Debt and Money Issues: Why It is So Important to Have Open Discussions
How to sure money issues don’t end your relationship.
You may be united as a couple but many couples find themselves divided over debt and other financial issues. Money and debt are usually the number one reason why married people get into arguments and those high voltage disputes can sometimes lead to divorce.
That’s why the best time to talk about debt is before you are married. In many cases one person in the marriage brings a load of debt with them, and the other person isn’t prepared for it. The amazing thing is that couples share the most intimate secrets with each other, but when it comes to money it’s a subject that’s usually ignored – and that’s a mistake.
Let’s use an example: one person prior to marriage charges thousands of dollars on a credit card but doesn’t share that with the other person in the relationship. If they discussed the matter before they tied the knot, then they could find credit help and hopefully lessen the impact the debt would have on their finances. The consequence of not talking about money and debt, is once the finances become combined, or even if they are separate, the spouse with the bad credit score will negatively impact their ability to get joint credit.
Debt is a serious issue in this country but credit help is easily available through credit counseling organizations or by simply discussing the situation with your partner. Once the issue is out in the open and you are reasonable and patient, not heated or argumentative, then you can decide on a game plan. You can look for professional credit help or you can decide to budget your money and control your spending, but both partners have to be on the same page. Marriage is a commitment and deciding to get out of debt is also a commitment that both of you should share and value.

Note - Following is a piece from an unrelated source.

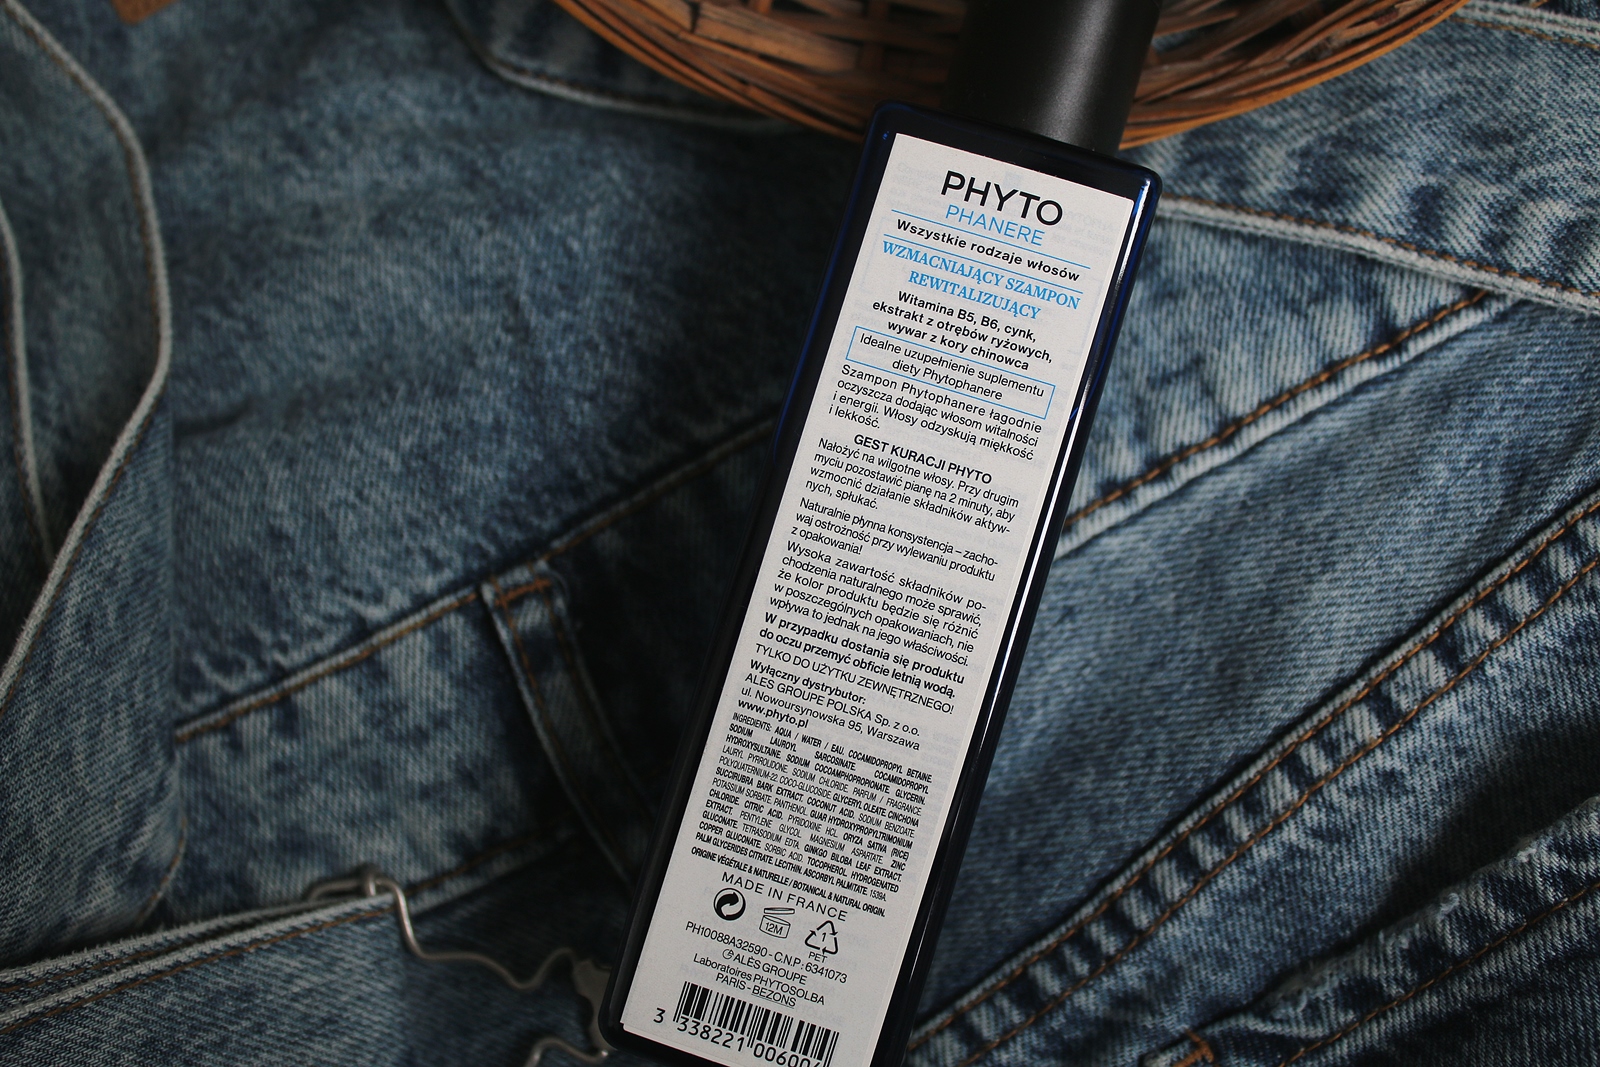 phyto szampon

You may not mind carrying three or four thousand dollars worth of debt on a credit card, but your spouse may vehemently disagree. If your financial philosophies differ you both must be willing to compromise. The following is a few ways to avoid confrontations.

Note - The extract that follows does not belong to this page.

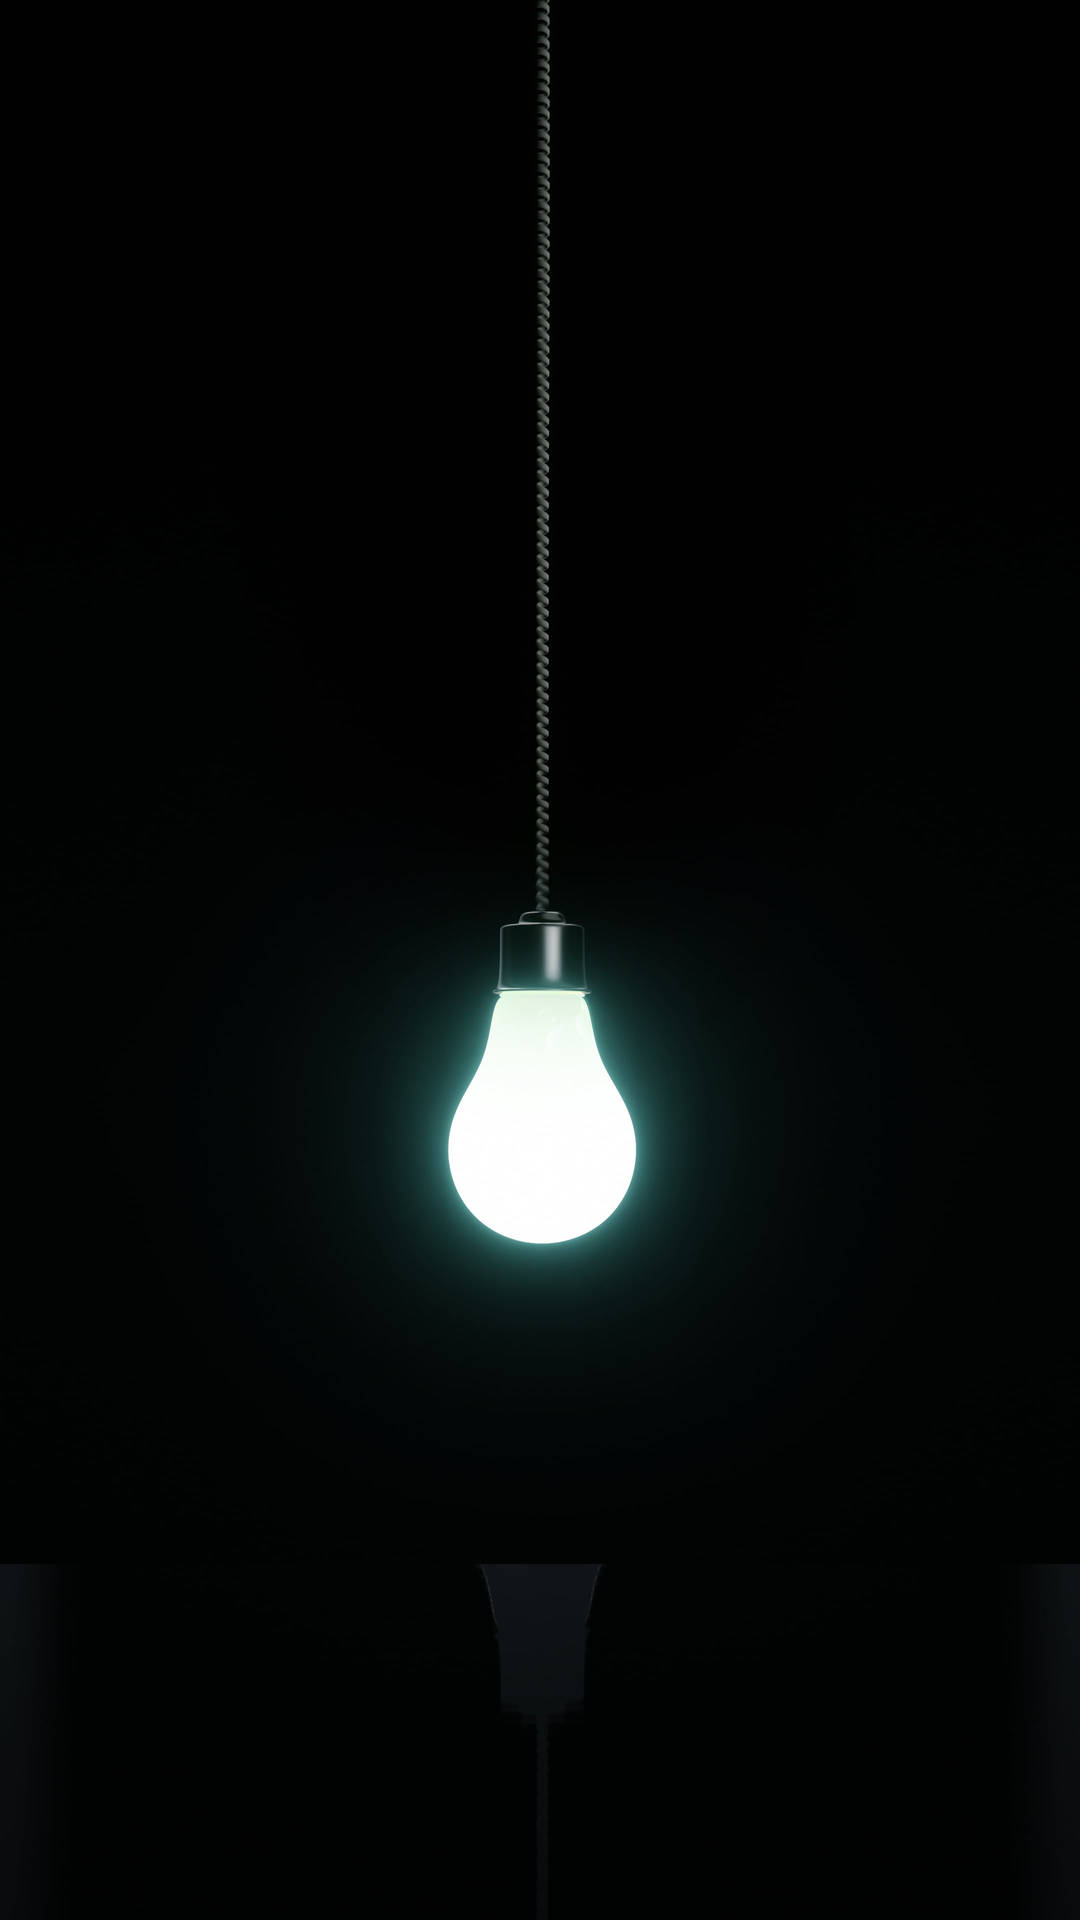 Stunning Oled Hanging Light Bulb In Dim Environment Wallpaper

- Keep everything on the table and open to discussion — you’re willing to discuss your sex life then you should be willing to chat about money. There should be no secrets.
- Don’t let things ferment; if you think your spouse is overspending then bring up the subject in a calm manner.
- If you are planning to marry someone and already know they don’t mind carrying a lot of debt and they don’t think saving money for the future is important, and you’re not comfortable with it, you may want to reconsider the marriage.
The bottom line is talk to the person you are in a serious relationship with about money. It will help avoid trouble down the road.